QUESTION: But the – but the immediate impact of the temporary pause that was announced on Friday is 300,000?

MR MILLER: Correct.

QUESTION: And then – and, again, you don’t – you don’t know when that might be unfrozen or when the pause might be made permanent?

MR MILLER: So it will depend on the investigation that UNRWA is undertaking, that the United Nations is undertaking, and whatever remedial steps they put into place.

QUESTION: In the meantime, is there any way or is there any option for getting the 300,000 in suspended assistance into Gaza without going through UNRWA?

MR MILLER: No, but —


MR MILLER: — what I would say to that is, first of all, let me just back up and say – and we made this clear in the statement. You heard the Secretary speak to this yesterday. We very much support the work that UNRWA does. We think it’s critical. There is no other humanitarian player in Gaza who can provide food and water and medicine at the scale that UNRWA does. We want to see that work continued, which is why it is so important that the United Nations take this matter seriously, that they investigate it, that there is accountability for anyone who is found to have engaged in wrongdoing, and that they take whatever other measures are appropriate to ensure that this sort of thing cannot happen again.

QUESTION: Okay. And then my second thing, which is a related but not UNRWA, which has to do with this operation that the Israelis launched in Jenin, the hospital today. What – do you have any comment on that? Is this something that you think is problematic or is it something that you look at with envy, like this is some kind of great “Mission: Impossible” mission that we wish that we could also do?

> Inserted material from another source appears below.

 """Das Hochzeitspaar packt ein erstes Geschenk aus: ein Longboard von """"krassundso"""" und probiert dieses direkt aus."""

MR MILLER: So I’d say that we strongly urge caution whenever operations have the potential to impact civilians and civilian installations. That of course includes hospitals. We do recognize the very real security challenges Israel faces, and its legitimate right to defend its people and its territory from terrorism. Israel, of course, has the right to carry out operations to bring terrorists to justice, but those operations need to be conducted in full compliance with international humanitarian law.

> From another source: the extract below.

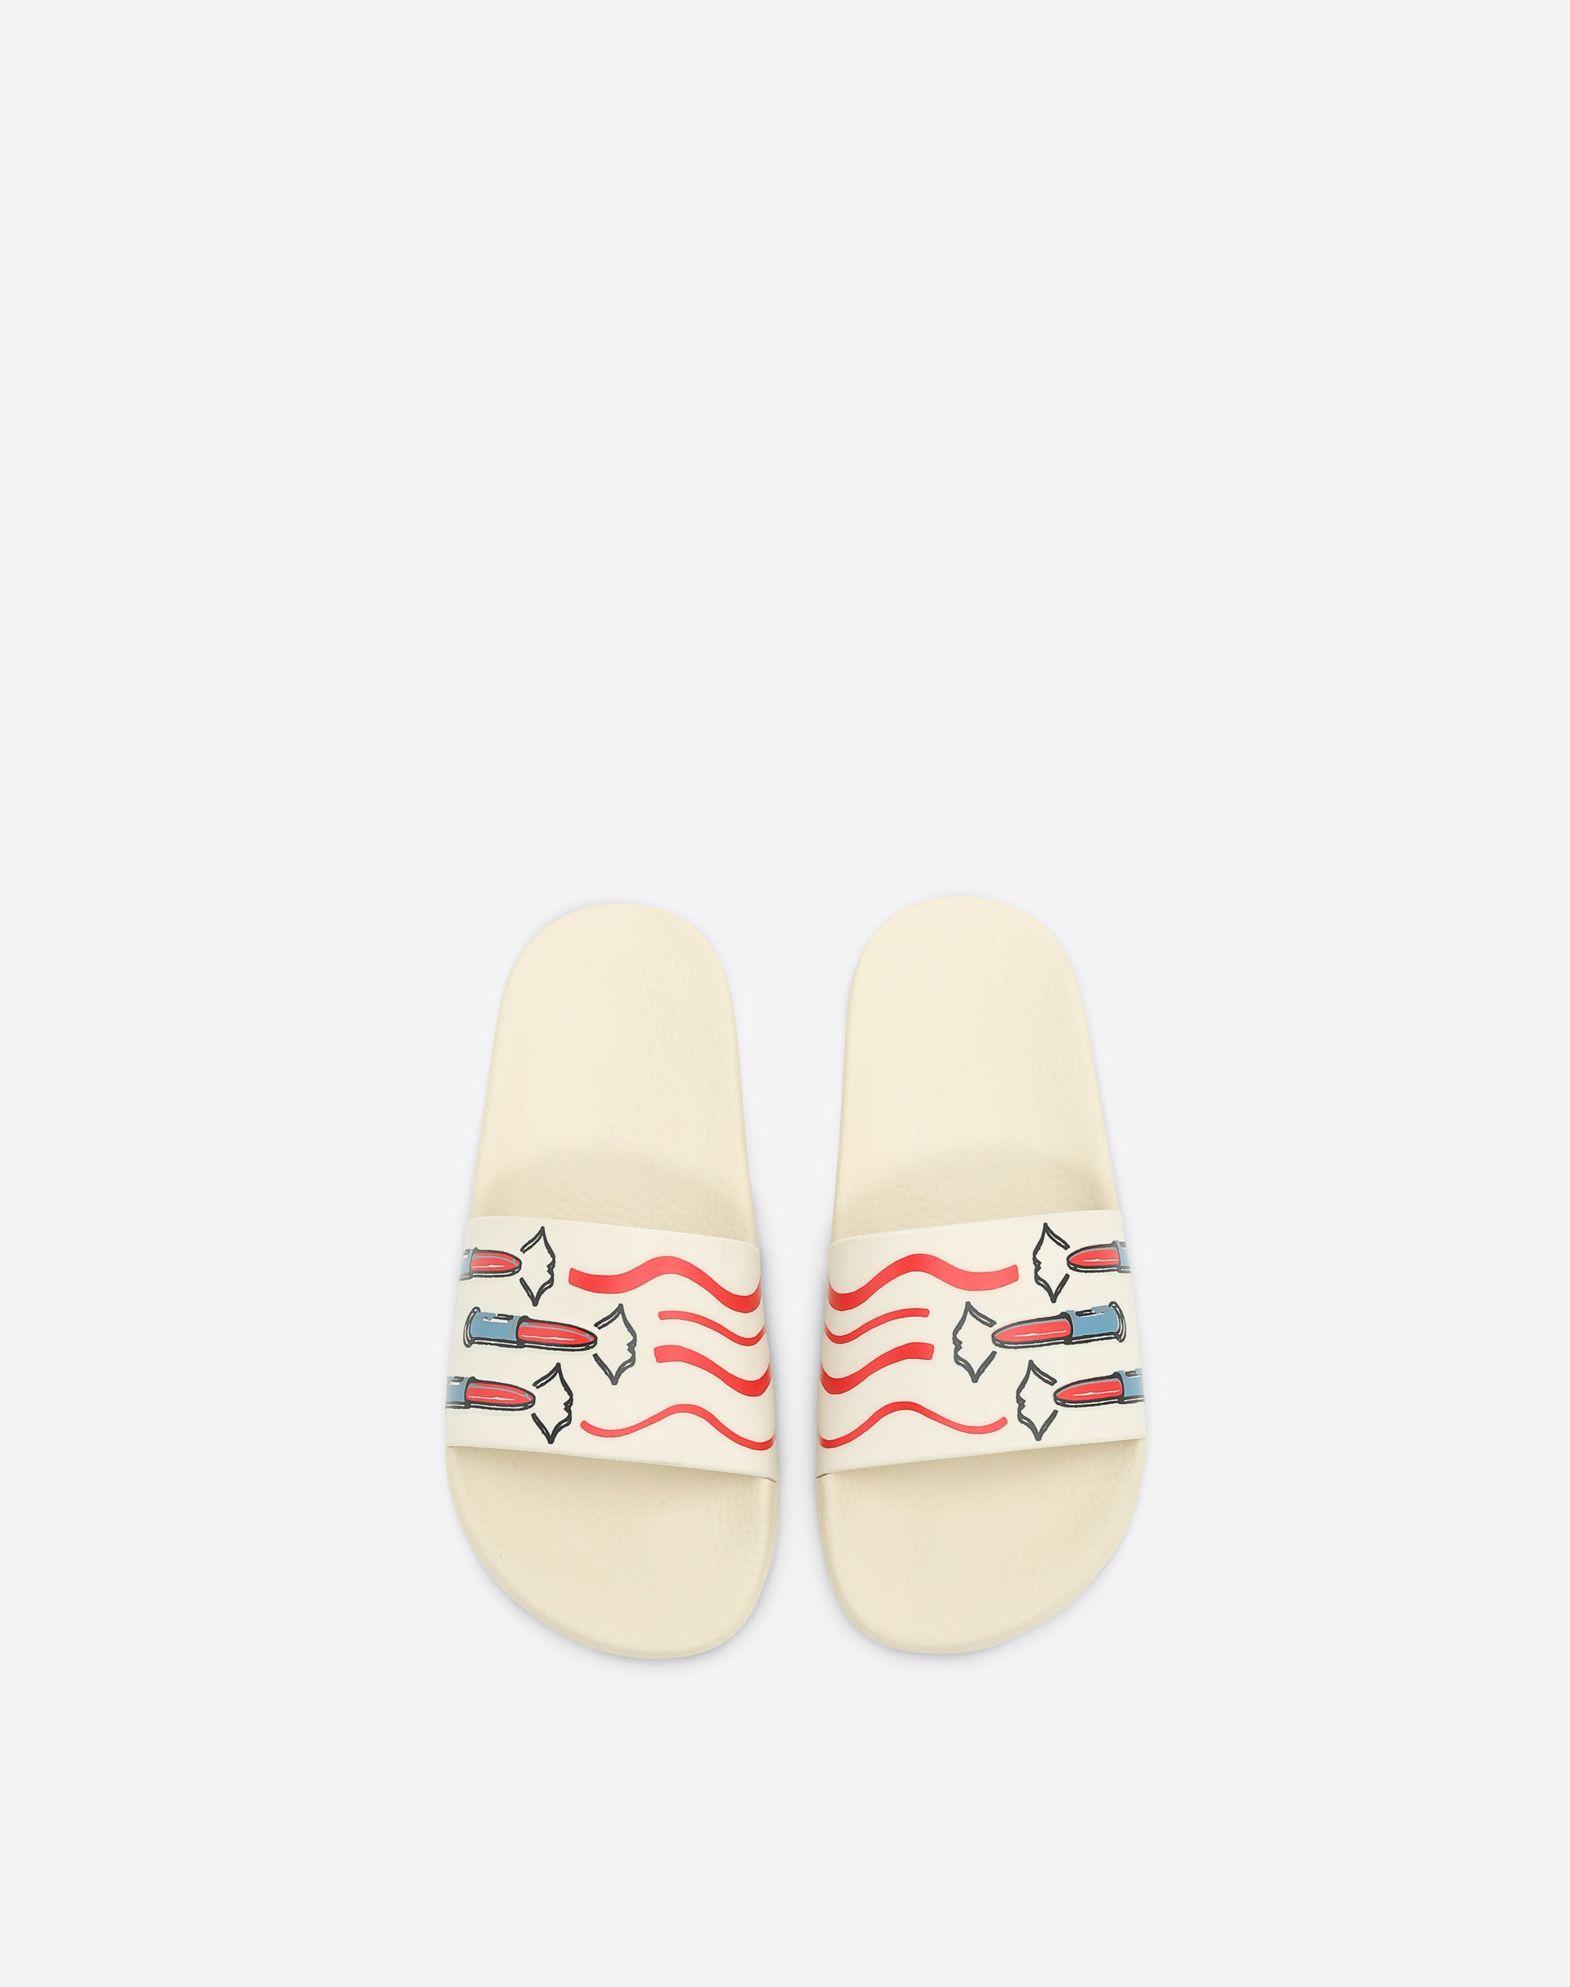 VALENTINO GARAVANI 口红印纹 PVC 拖鞋式凉鞋 拖鞋式凉鞋 D e

QUESTION: Well, the – do those operations include going into hospitals and murdering people in their beds regardless of whether they’re —


QUESTION: — that they are suspected or even known terrorists? Is that okay with you guys?

MR MILLER: So there was a lot in the premise of that question. Obviously, they – we did – do know that they went into —

QUESTION: Well, you don’t think that they went in —

MR MILLER: We – well, hold on.

QUESTION: — and killed people who are completely innocent, do you?

MR MILLER: We – so let me say that this —

QUESTION: Because if you did think that, then you would be condemning it, right?

MR MILLER: We certainly would, but I would say that Israel has said that these were Hamas operatives. They have said that one of them was carrying a gun at the time of the operation. So I’m not able to speak to the facts of the operation. You’d have to pass some kind of legal judgement – know all of the facts of the operation. But as a general matter, they do have the right to carry out operations to bring terrorists to justice, but they need to be conducted in full —

QUESTION: Including in hospitals?

MR MILLER: So we want them to conduct their operations in compliance with international humanitarian law. We would generally say that we don’t want them to carry out operations in hospitals, but under international humanitarian law, hospitals do lose some of their protections if they are being used to – for the planning of terrorist operations, for the execution of terrorist operations.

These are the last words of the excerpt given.